Cool, I just sent a small PR which adds the comments as described above.
Thanks @joshmoore !

Hi, since my PR has been merged, feel free to close this ticket (and please let me know if I am supposed to do that:)

Happy to leave that up to you. If you think new method arguments are worth it, feel free to leave open. Otherwise, feel free to close.

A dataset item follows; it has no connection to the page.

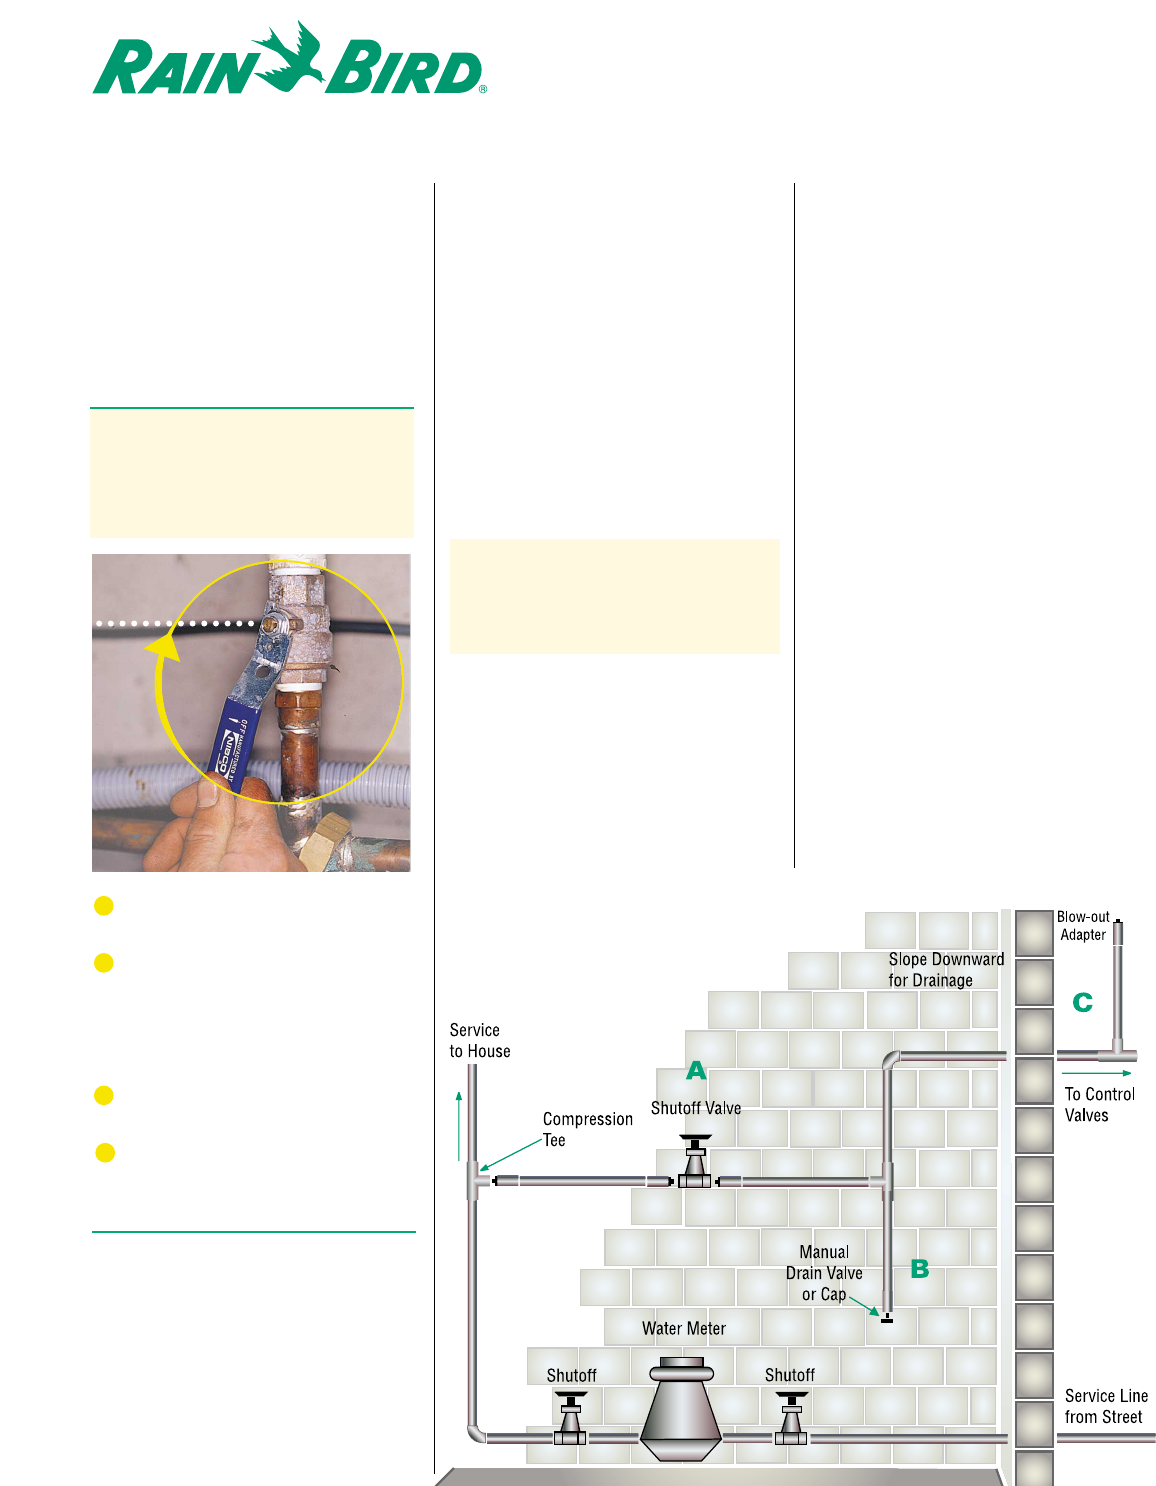 Sprinkler Valve Diagram Wiring Diagram Two Valves
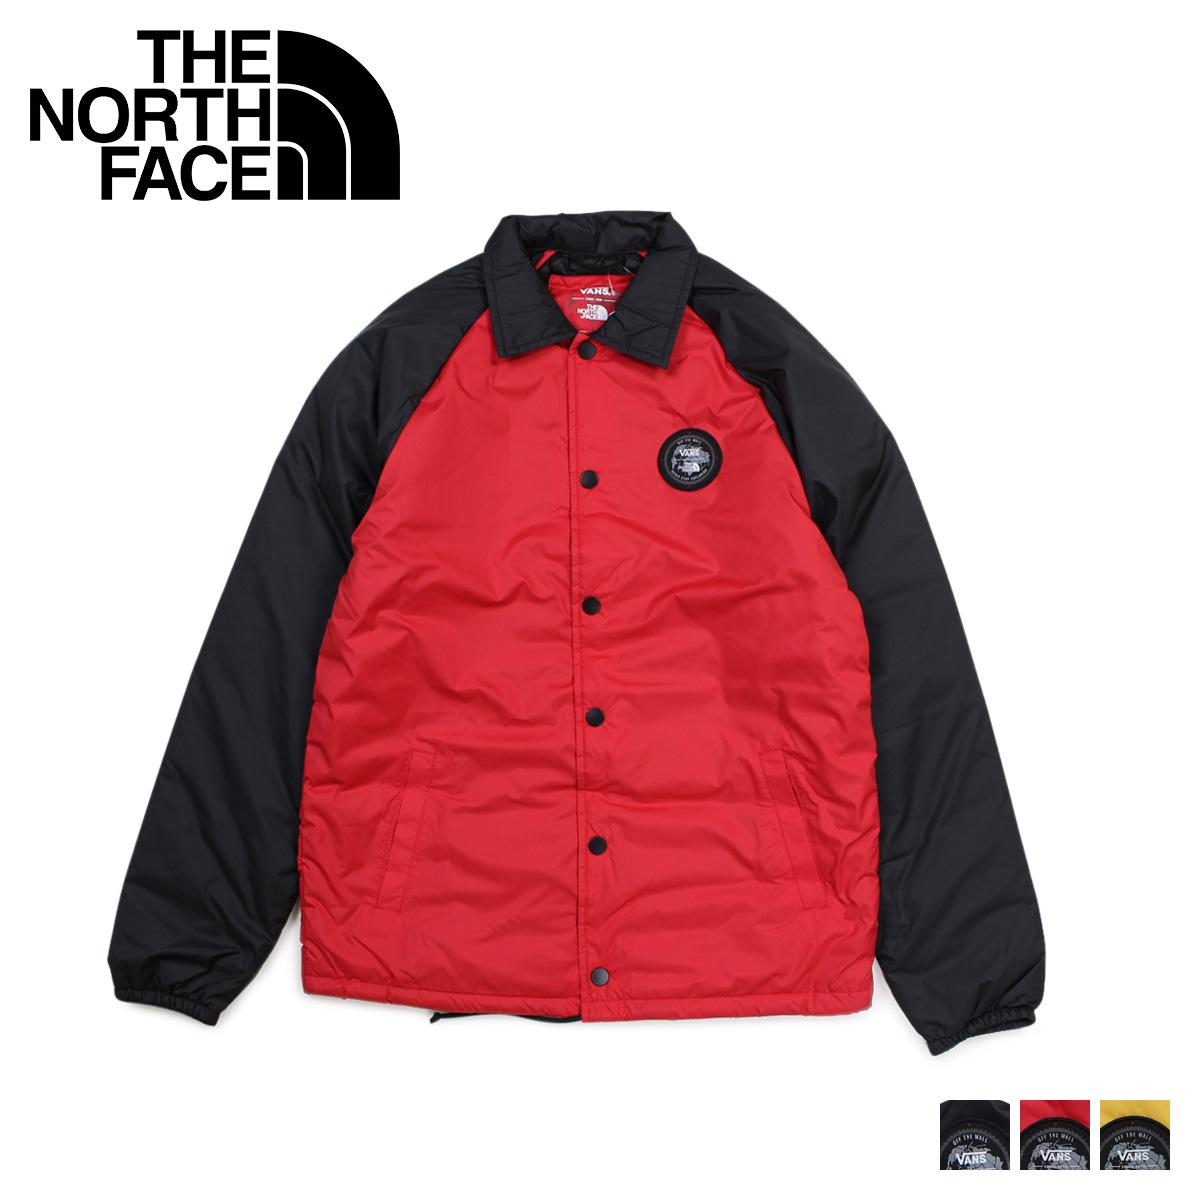 00603c875 THE NORTH FACE VANS TORREY MTE JACKET North Face vans jacket coach jacket  men station wagons black [11/20 Shinnyu load] [1711]

I found out that if you put every item in its own individual chunk, you will get the desired output after resizing.

SAMPLE

import zarr
import numpy as np

z = zarr.open('data', mode='w', shape=(4, 6), chunks=(1, 1), dtype='i4')
z[:] = 1

print("Original zarr array with shape (4,6):")
print(z[:])

print("\nAfter resizing shape to (1,1):")
z.resize((1,1))
print(z[:])

print("\nAfter resizing shape back to (4,6):")
z.resize((4,6))
print(z[:])

OUTPUT

Original zarr array with shape (4,6):

[[1 1 1 1 1 1]
 [1 1 1 1 1 1]
 [1 1 1 1 1 1]
 [1 1 1 1 1 1]]

After resizing shape to (1,1):

[[1]]
After resizing shape back to (4,6):
[[1 0 0 0 0 0]
 [0 0 0 0 0 0]
 [0 0 0 0 0 0]
 [0 0 0 0 0 0]]

Caveat: This is not optimal when dealing with a large data array and it will also create a huge number of files.

Thanks for looking into this, @Jaykold. You're right that having a chunk size of 1 will work around the issue, but doing that for all dimensions with anything other than toy data isn't really an option.